1. **Acral Lentiginous Melanoma** - Dark pigmentation under nail
2. **Blue Finger** - Bluish discoloration
3. **Clubbing** - Rounded, bulging nails
4. **Healthy Nail** - Normal baseline
5. **Onychogryphosis** - Thick, curved nails
6. **Pitting** - Small dents in nail surface
7. **Psoriasis** - Nail changes from psoriasis


## Step 1: Login to Hugging Face

You'll need a Hugging Face token to download MedSigLIP.

1. Get your token here: https://huggingface.co/settings/tokens
2. Request model access: https://huggingface.co/google/medsiglip-448
3. Run the cell below and paste your token

In [None]:
from huggingface_hub import notebook_login

print("Logging into Hugging Face...")
print("Get your token from: https://huggingface.co/settings/tokens\n")

notebook_login()

print("\nLogin successful!")

## Step 2: Install Required Libraries

In [None]:
# Installing everything we need
!pip install -q torch torchvision transformers datasets pillow scikit-learn matplotlib tqdm numpy pandas
!pip install -q open-clip-torch
!pip install -q onnx onnxruntime
!pip install -q huggingface_hub

print("All packages installed successfully!")
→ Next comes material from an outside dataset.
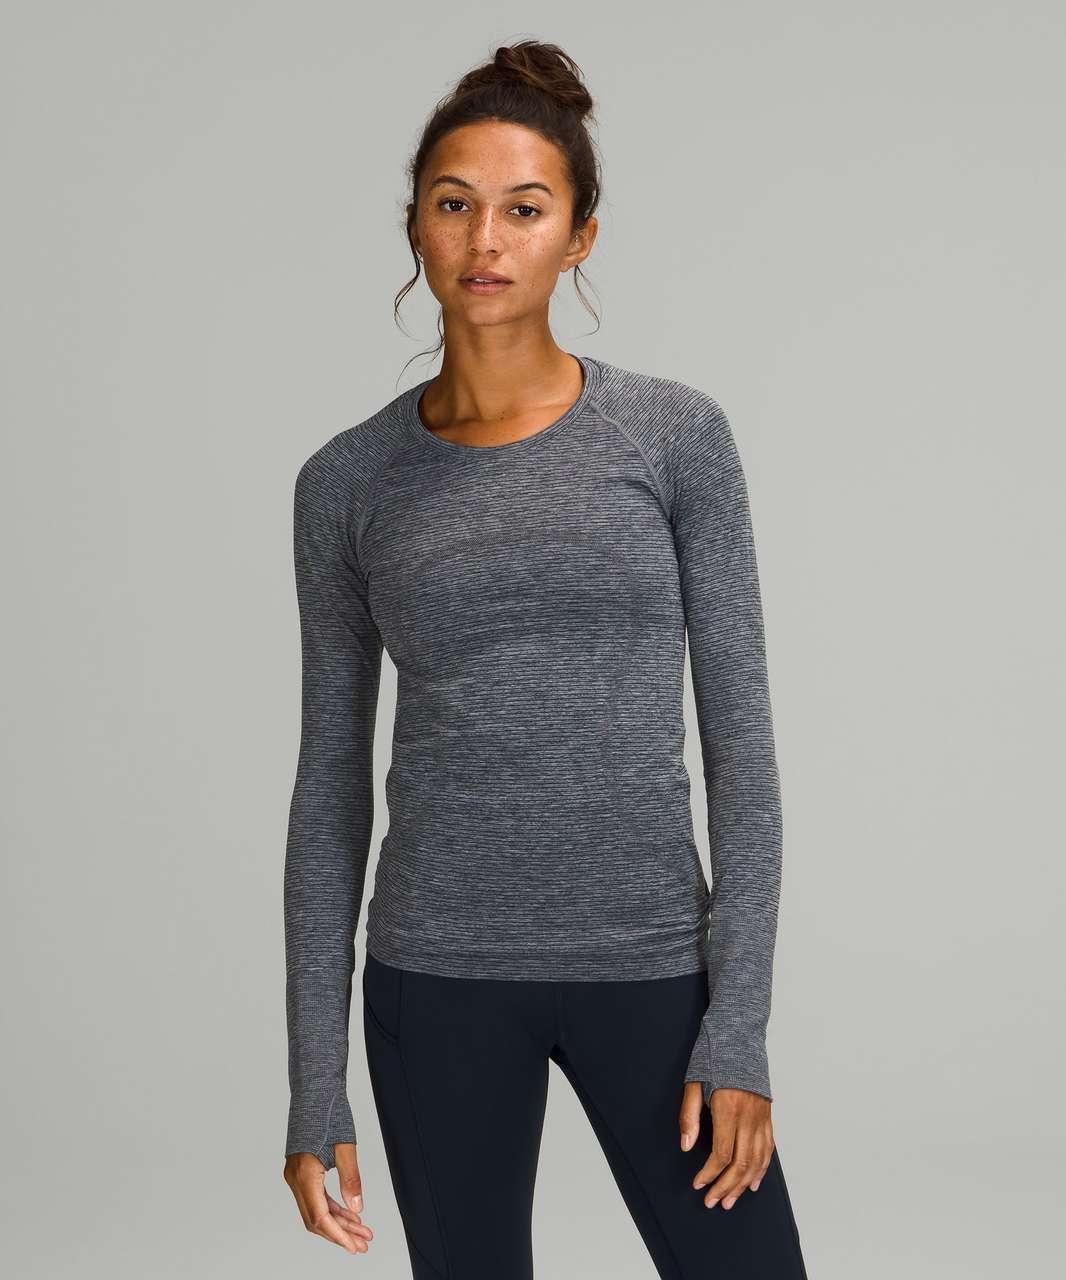 Lululemon Swiftly Tech Long Sleeve Shirt 2.0 - Tetra Stripe Classic Navy / True Navy / Alpine White / Rhino Grey

## Step 3: Check GPU Availability

In [None]:
import torch
import sys

print(f"Python: {sys.version.split()[0]}")
print(f"PyTorch: {torch.__version__}")
print(f"\nGPU Available: {torch.cuda.is_available()}")

if torch.cuda.is_available():
    print(f"GPU: {torch.cuda.get_device_name(0)}")
    print(f"Memory: {torch.cuda.get_device_properties(0).total_memory / 1e9:.1f} GB")
    print(f"CUDA: {torch.version.cuda}")
else:
    print("WARNING: No GPU found. Training will be slow.")

## Step 4: Setup Dataset Paths

In [None]:
import os
from pathlib import Path

# Paths for Kaggle environment
KAGGLE_DATASET_PATH = '/kaggle/input/nail-disease-dataset-medsiglip'
OUTPUT_PATH = '/kaggle/working/output'

os.makedirs(OUTPUT_PATH, exist_ok=True)

print("Checking dataset location...")

# Verify dataset exists
if not os.path.exists(KAGGLE_DATASET_PATH):
    print(f"ERROR: Dataset not found at {KAGGLE_DATASET_PATH}")
    print("\nMake sure you've added the dataset to this notebook:")
    print("1. Go to notebook settings -> Add data")
    print("2. Search for 'nail-disease-dataset'")
    print("3. Add it and re-run this cell")
    raise FileNotFoundError(f"Dataset not found")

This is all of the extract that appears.